CVE-2020-36998

Vulnerability

Details

Forma.lms The E-Learning Suite version 2.3.0.2 contains a persistent cross-site scripting (XSS) vulnerability in multiple course and profile parameters. The application fails to properly sanitize user-supplied input in the course_code, course_name, course_box_descr, course_descr fields, as well as the email parameter. This allows attackers to inject arbitrary JavaScript that is stored and later executed in the browsers of other users [3][4].

Exploitation

Exploitation varies by parameter. For course fields, an attacker must have administrative privileges to edit a course via the Admin Area endpoint /formalms/appCore/index.php?r=alms/course/modcourse. The email parameter, however, can be exploited by any authenticated user editing their profile at /formalms/appLms/index.php?r=lms/profile/show&ap=saveinfo.

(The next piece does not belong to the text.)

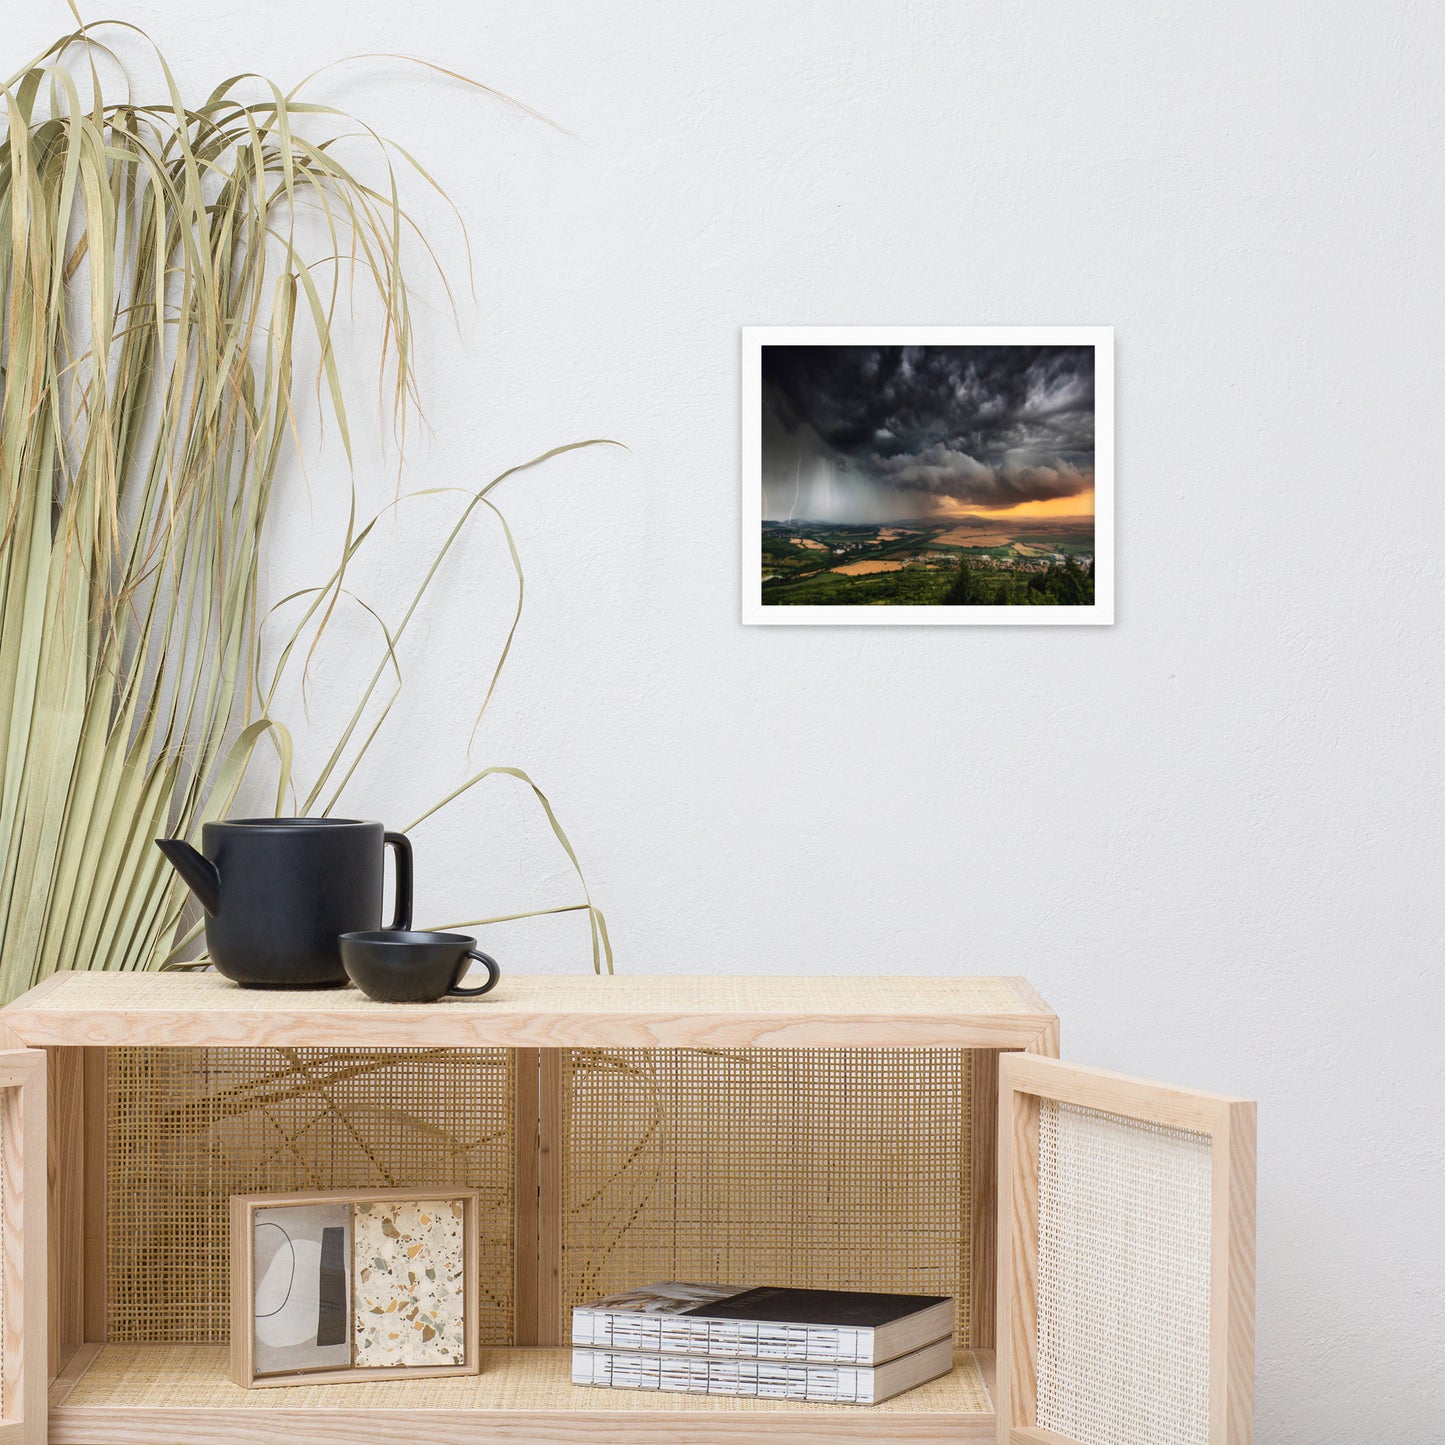 The Storm Rustic Landscape Photograph Framed Wall Art Print

The email field has some filtering but can be bypassed using obfuscated payloads [3].

Impact

Successful exploitation allows an attacker to execute arbitrary JavaScript in the context of the victim's session. This can lead to session hijacking, defacement, data theft, or further attacks against other users of the platform. The vulnerability is rated Medium with a CVSS v3 score of 6.4.

Mitigation

No official patch has been released for this vulnerability. Administrators should implement strict input validation and output encoding for all user-supplied fields, especially those stored and displayed to other users. Upgrading to a newer version of Forma.lms, if available, is recommended [4].